Dear Ram,
Thanks for hurling back at me a lot
of the jumbled thoughts in my mind. A good lesson in thinking very carefully first and then writing and
also an effective highlighter of confused issues.
Ram:
When you know who you are the only thing left is to tidy up the mind,
assuming you believe it needs tidying.
I’ve met many mahatmas, Indian and Western, who never finished the
job. One, a friend’s guru, had so many
bizarre ideas it kept me in stitches for hours.

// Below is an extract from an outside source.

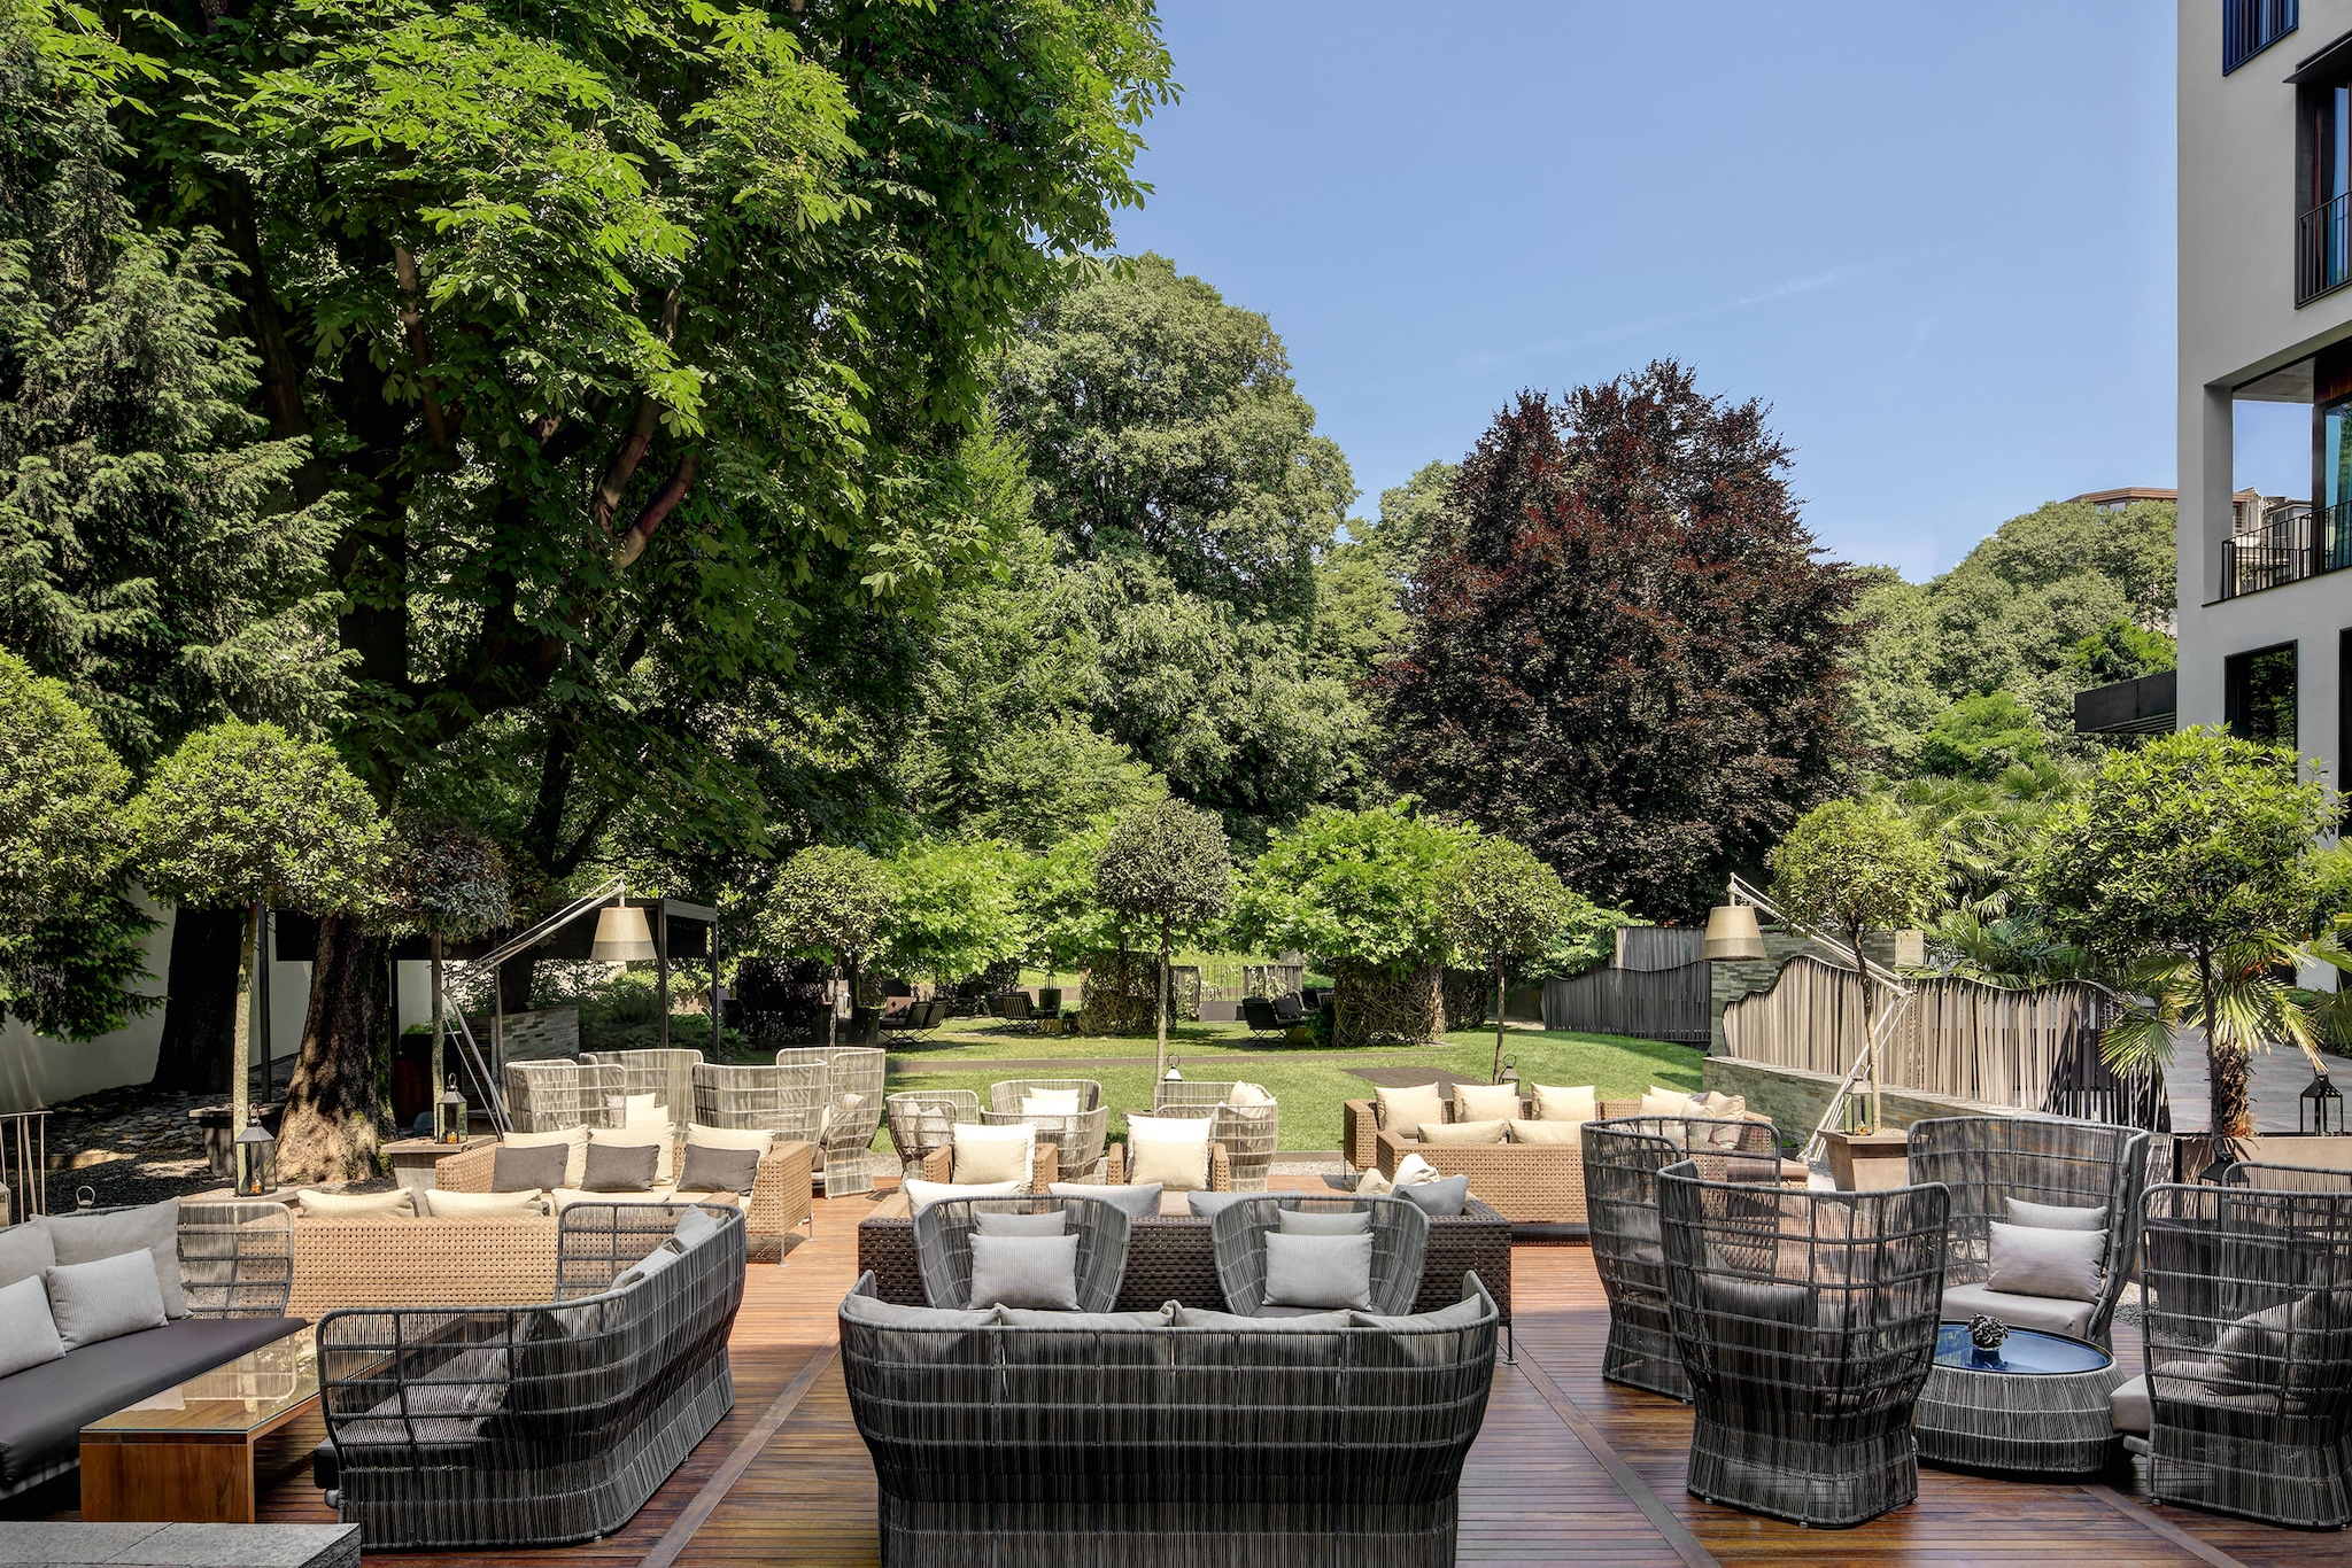 B&B Italia Outdoor arreda il giardino del Bulgari Hotel Milano

My friend ‘felt’ his presence and intuited his enlightenment but the
relationship was a source of immense confusion because she thought that she had
to take on board all his cockamamie ideas if she was going to free
herself. It was clear to me that to
amuse himself and relieve transcendental boredom he zipped around the inner
cosmos visiting various subtle planes enjoying interesting and bizarre
experiences…and that his ‘teachings’ were just a recapitulation of his
experiences. He was enlightened but he
was a lousy guru because he was completely unconcerned about her
confusion. He did not bother to teach
lesson number one: that no particular experience is necessary for
enlightenment.
Perhaps he thought that a ray of his
shakti was going to magically enlighten her. She did have many experiences with him but
the relationship was ultimately not helpful, except to show her that
enlightenment and gurudom can have nothing to do with
each other. Had he purified his mind and
had he learned a time tested and impersonal means to communicate Self knowledge
he would have been useful to her. She finally
moved on.
Another kind of jnani develops his
or her ‘own teaching’ which involves translating the ‘experience of the Self’

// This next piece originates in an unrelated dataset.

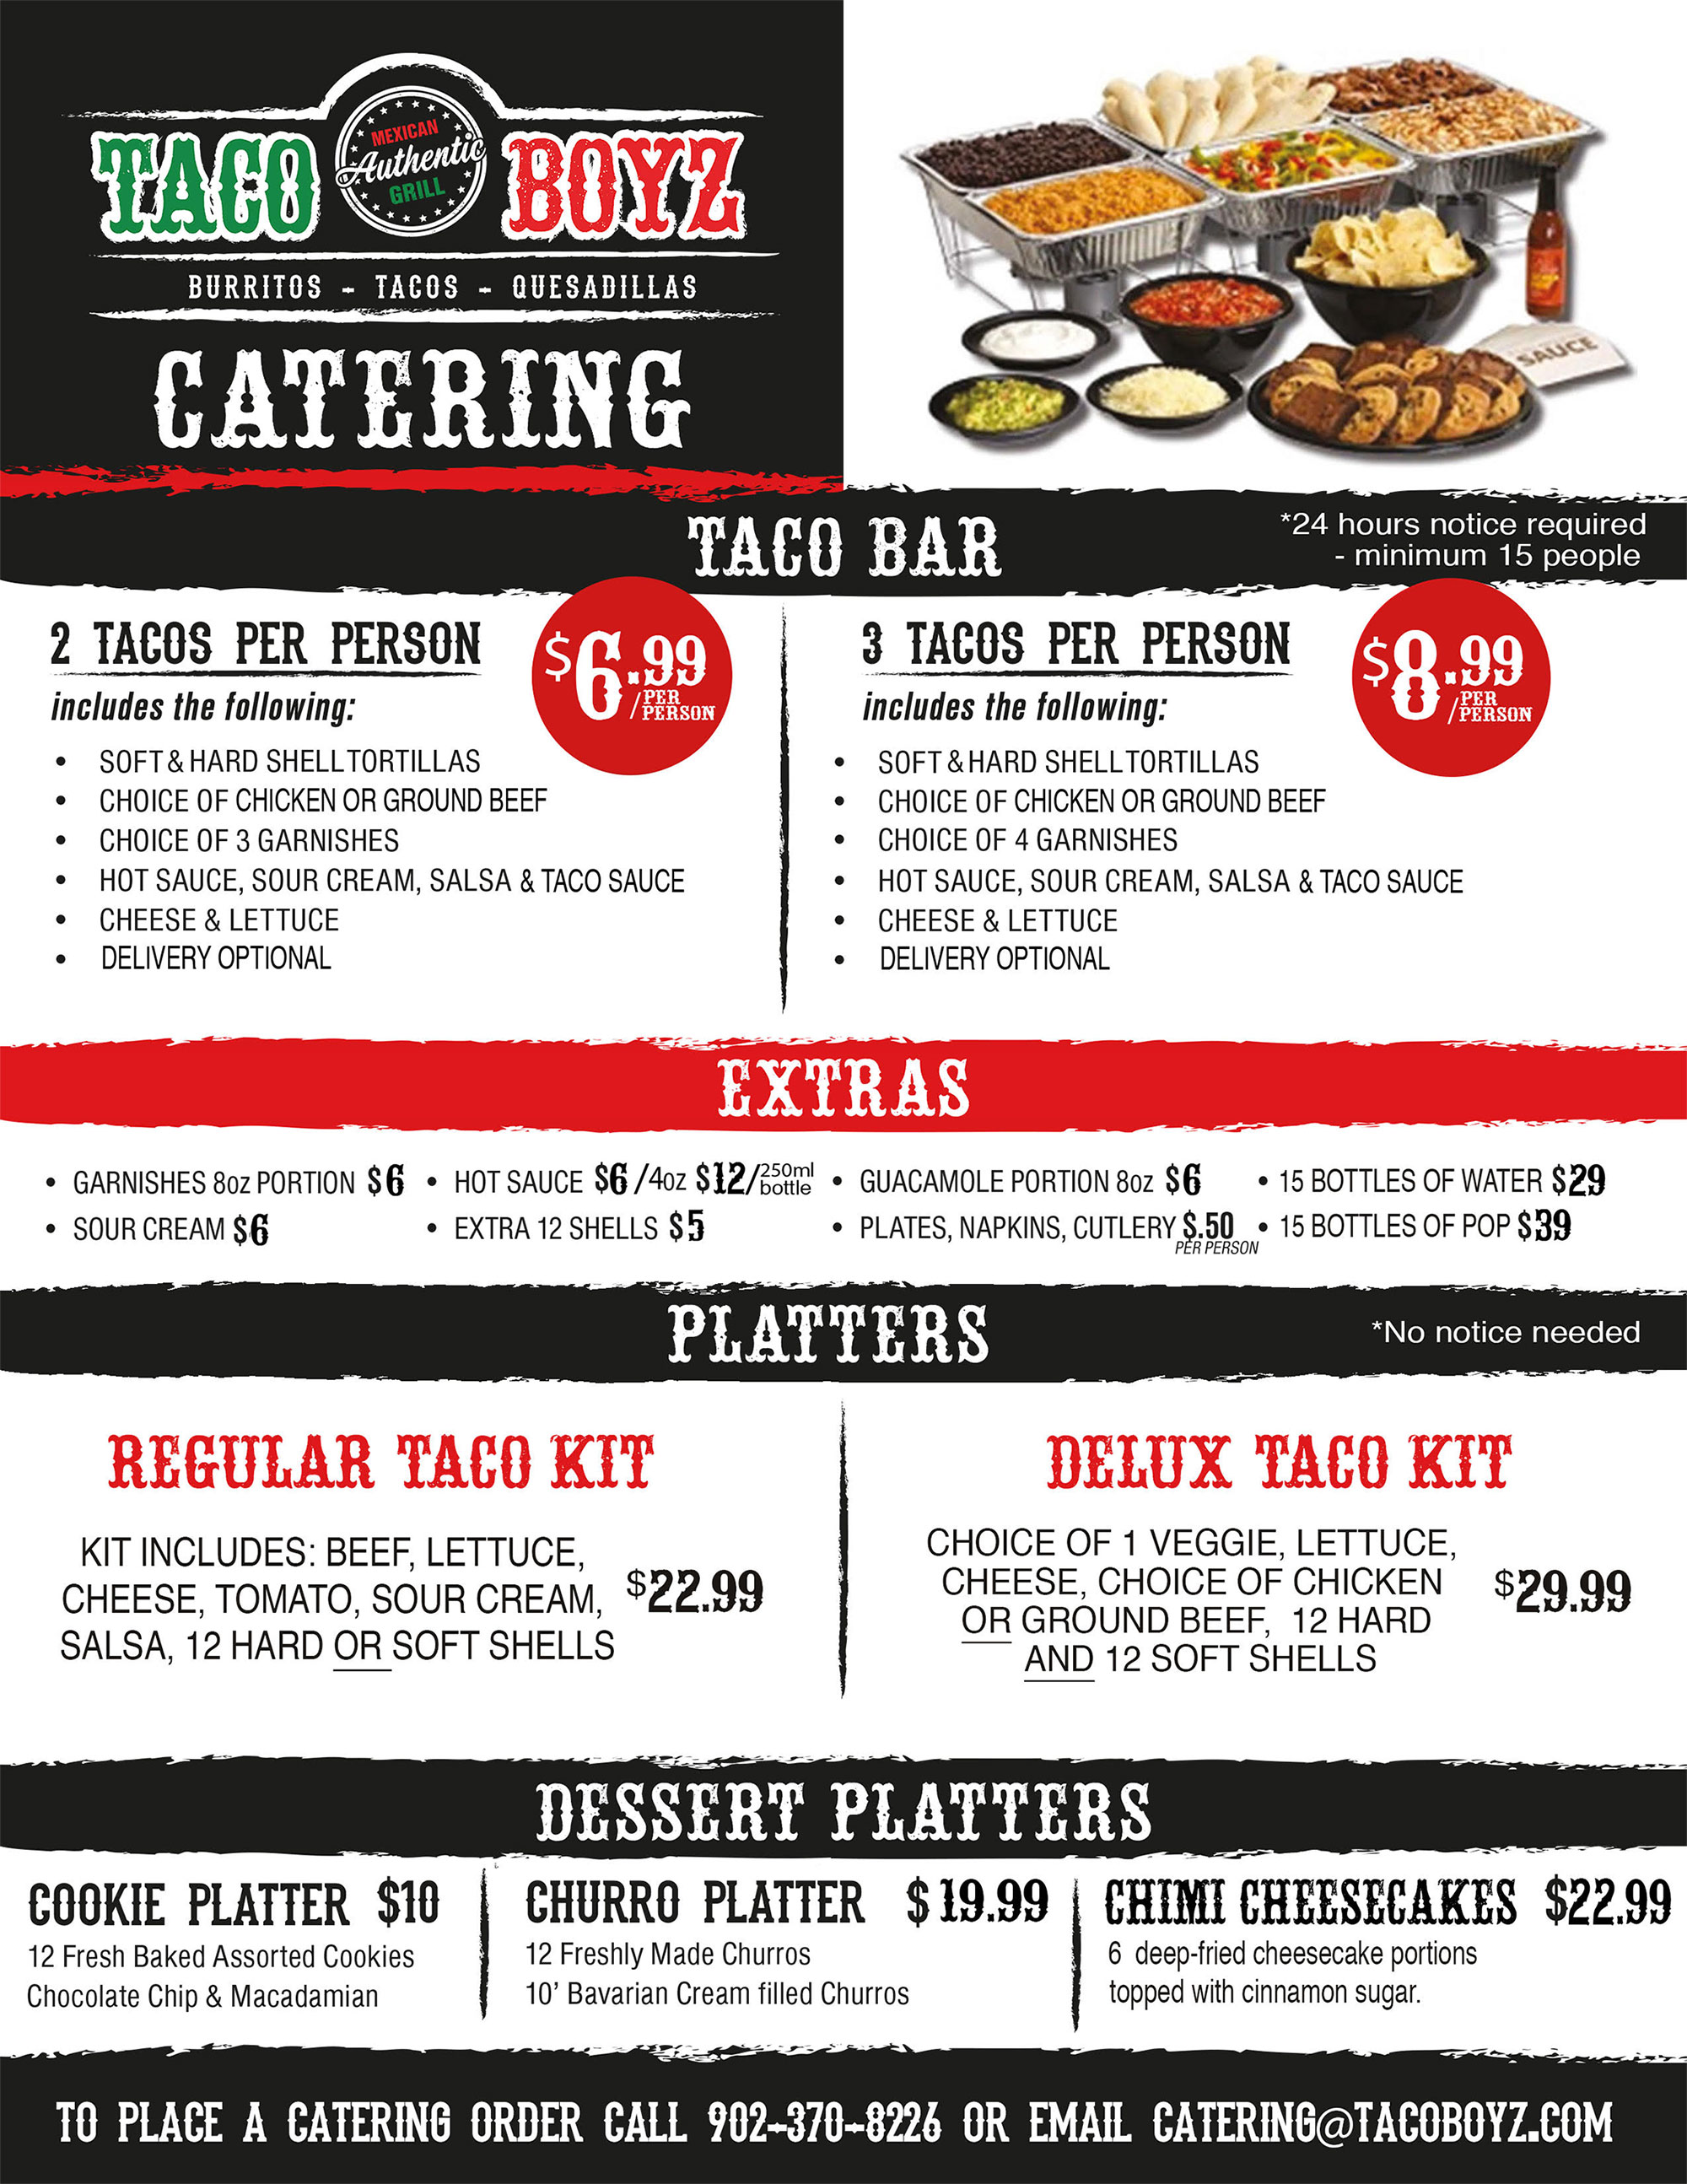 Catering – Taco Boyz

into some sort of intellectual language.
But this can also be very confusing.
It may help steer entry level people in the ‘spiritual’ direction but is
rarely a vehicle for enlightenment because it is so personal and
idiosyncratic.
I am lazy and don’t have enough
vanity to invent ‘my’ teachings so I just let Vedanta do the talking. The rishis already developed and refined a
very effective means of enlightenment based on experience, logic and reason,
one that requires nothing more than an open, mature, discriminating mind.